Signed-off-by: Yasuaki Ishimatsu <[email protected]>
---
v2:
- Simply increment a denominator

kernel/sched/fair.c | 2 +-
1 file changed, 1 insertion(+), 1 deletion(-)

diff --git a/kernel/sched/fair.c b/kernel/sched/fair.c
index 0b069bf..f3b492d 100644
--- a/kernel/sched/fair.c
+++ b/kernel/sched/fair.c
@@ -1520,7 +1520,7 @@ static void update_task_scan_period(struct task_struct *p,
* scanning faster if shared accesses dominate as it may
* simply bounce migrations uselessly
*/
- ratio = DIV_ROUND_UP(private * NUMA_PERIOD_SLOTS, (private + shared));
+ ratio = DIV_ROUND_UP(private * NUMA_PERIOD_SLOTS, (private + shared + 1));
diff = (diff * ratio) / NUMA_PERIOD_SLOTS;
}

--
1.8.3.1


2014-10-22 07:09:21

by Wanpeng Li

[permalink] [raw]
Subject: Re: [PATCH v3] sched/fair: Care divide error in update_task_scan_period()

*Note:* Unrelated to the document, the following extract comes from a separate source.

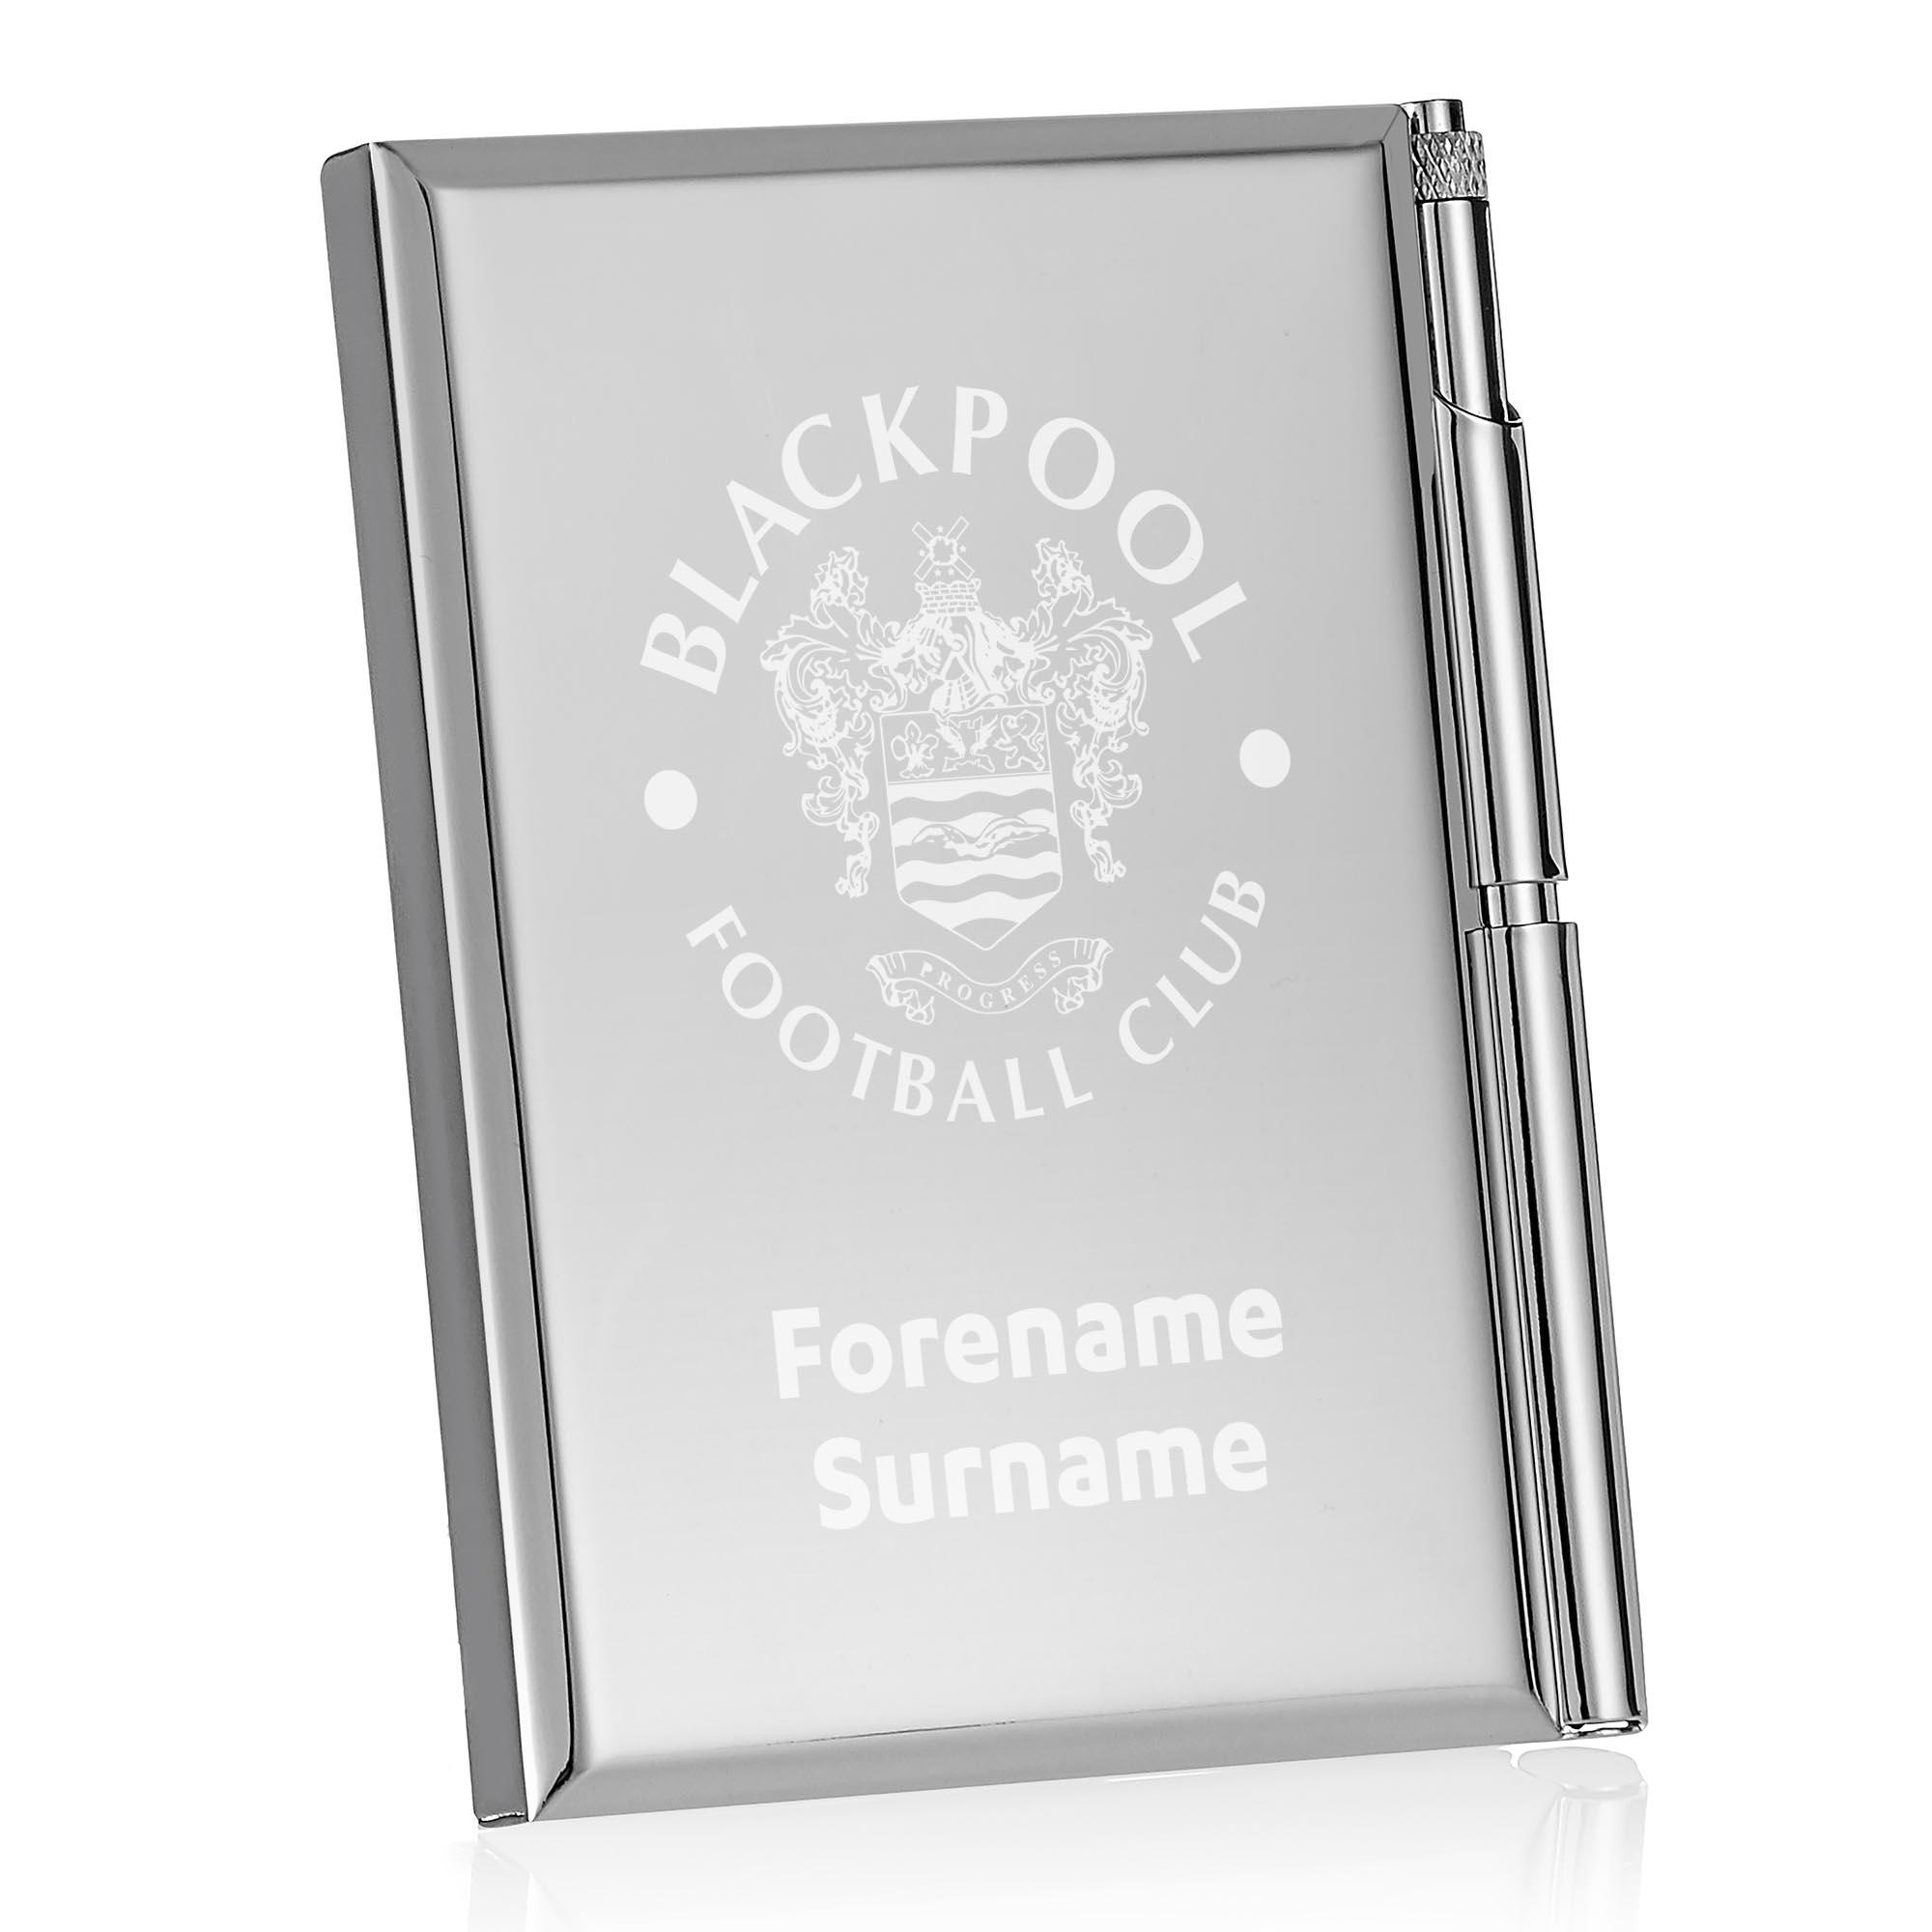 Blackpool FC Crest Address Book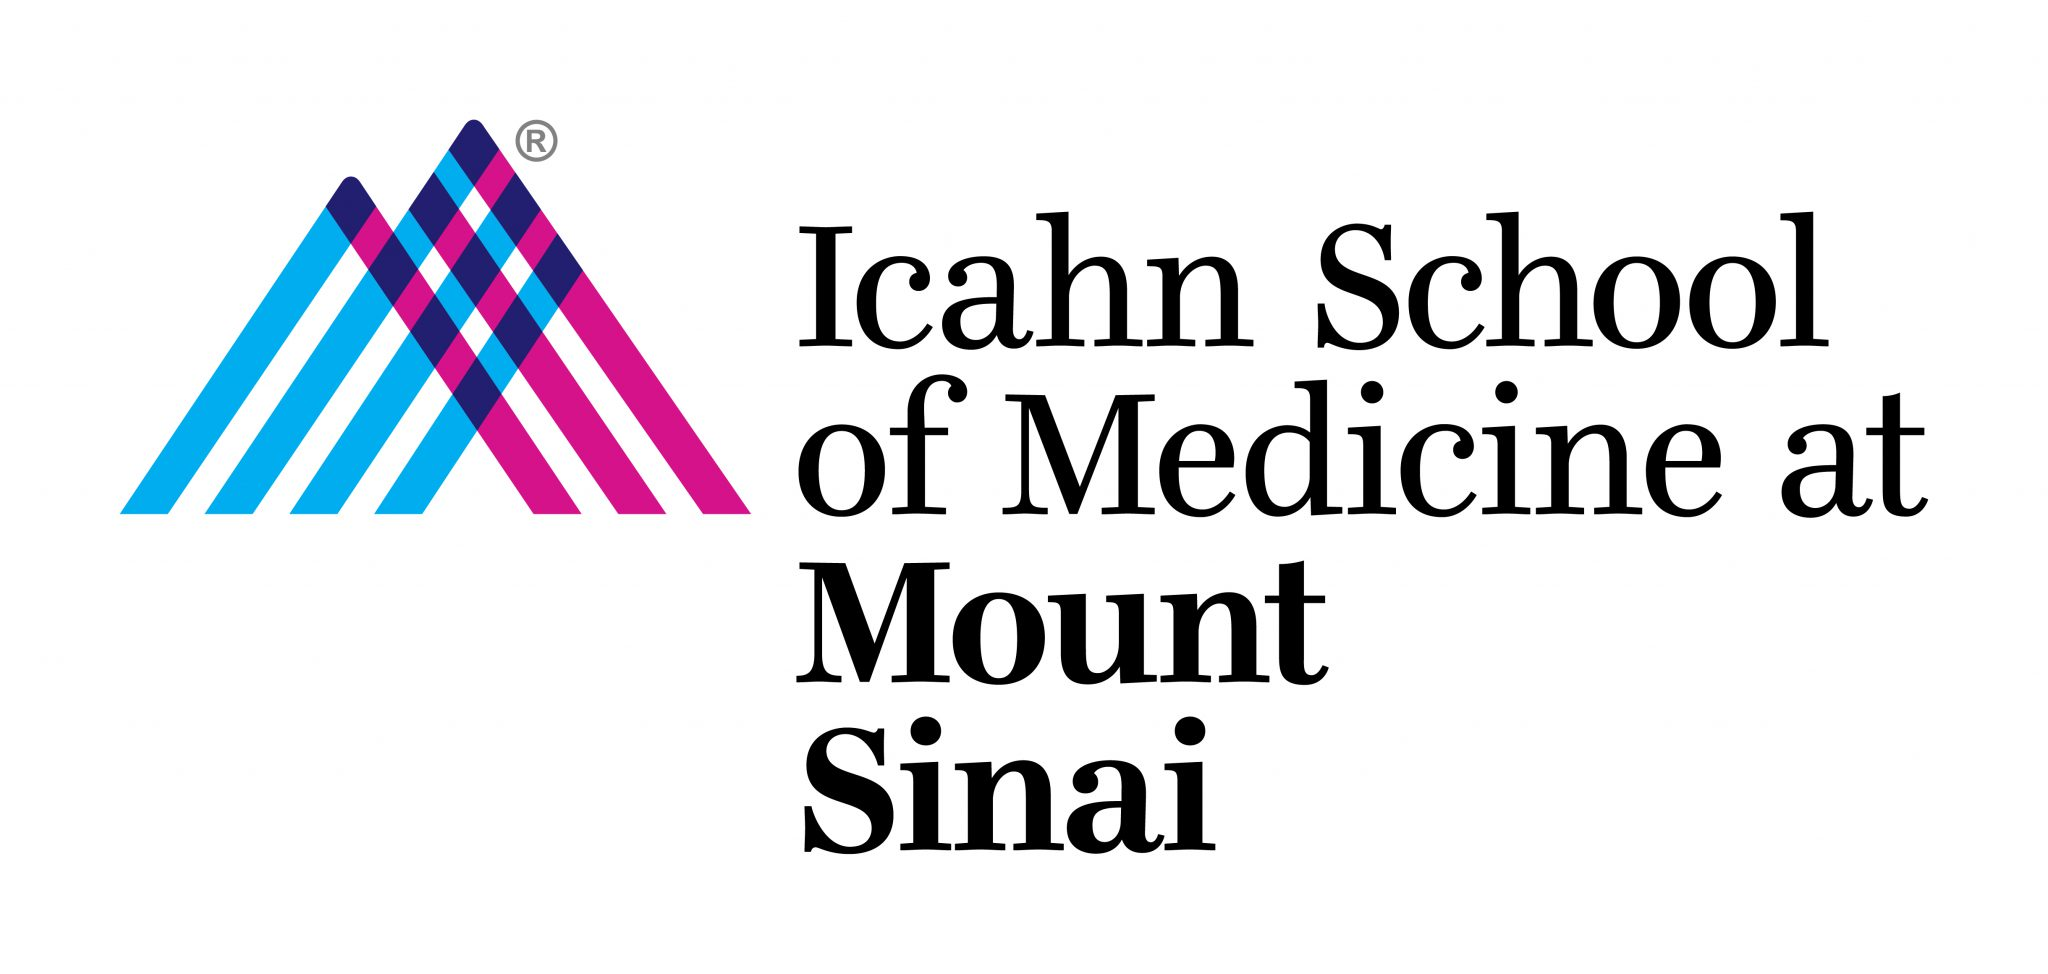 Secondary Essay Prompts - Icahn School of Medicine at Mount

10/22/14, 3:04 PM, Yasuaki Ishimatsu:
> While offling node by hot removing memory, the following divide error
> occurs:
>
> divide error: 0000 [#1] SMP
> [...]
> Call Trace:
> [...] handle_mm_fault
> [...] ? try_to_wake_up
> [...] ? wake_up_state
> [...] __do_page_fault
> [...] ? do_futex
> [...] ? put_prev_entity
> [...] ? __switch_to
> [...] do_page_fault
> [...] page_fault
> [...]
> RIP [<ffffffff810a7081>] task_numa_fault
> RSP <ffff88084eb2bcb0>
>
> The issue occurs as follows:
> 1. When page fault occurs and page is allocated from node 1,
> task_struct->numa_faults_buffer_memory[] of node 1 is
> incremented and p->numa_faults_locality[] is also incremented
> as follows:
>
> o numa_faults_buffer_memory[] o numa_faults_locality[]
> NR_NUMA_HINT_FAULT_TYPES
> | 0 | 1 |
> ---------------------------------- ----------------------
> node 0 | 0 | 0 | remote | 0 |
> node 1 | 0 | 1 | locale | 1 |
> ---------------------------------- ----------------------
>
> 2. node 1 is offlined by hot removing memory.
>
> 3. When page fault occurs, fault_types[] is calculated by using
> p->numa_faults_buffer_memory[] of all online nodes in
> task_numa_placement(). But node 1 was offline by step 2. So
> the fault_types[] is calculated by using only
> p->numa_faults_buffer_memory[] of node 0. So both of fault_types[]
> are set to 0.
>
> 4. The values(0) of fault_types[] pass to update_task_scan_period().
>
> 5. numa_faults_locality[1] is set to 1. So the following division is
> calculated.
>
> static void update_task_scan_period(struct task_struct *p,
> unsigned long shared, unsigned long private){
> ...
> ratio = DIV_ROUND_UP(private * NUMA_PERIOD_SLOTS, (private + shared));
> }
>
> 6. But both of private and shared are set to 0. So divide error
> occurs here.
>
> The divide error is rare case because the trigger is node offline.
> This patch always increments denominator for avoiding divide error.
>
> Signed-off-by: Yasuaki Ishimatsu <[email protected]>

Reviewed-by: Wanpeng Li <[email protected]>

> ---
> v2:
> - Simply increment a denominator
>
> kernel/sched/fair.c | 2 +-
> 1 file changed, 1 insertion(+), 1 deletion(-)
>
> diff --git a/kernel/sched/fair.c b/kernel/sched/fair.c
> index 0b069bf..f3b492d 100644
> --- a/kernel/sched/fair.c
> +++ b/kernel/sched/fair.c
> @@ -1520,7 +1520,7 @@ static void update_task_scan_period(struct task_struct *p,
> * scanning faster if shared accesses dominate as it may
> * simply bounce migrations uselessly
> */
> - ratio = DIV_ROUND_UP(private * NUMA_PERIOD_SLOTS, (private + shared));
> + ratio = DIV_ROUND_UP(private * NUMA_PERIOD_SLOTS, (private + shared + 1));
> diff = (diff * ratio) / NUMA_PERIOD_SLOTS;
> }
>

2014-10-22 07:43:42

by Yasuaki Ishimatsu

[permalink] [raw]
Subject: Re: [PATCH v3] sched/fair: Care divide error in update_task_scan_period()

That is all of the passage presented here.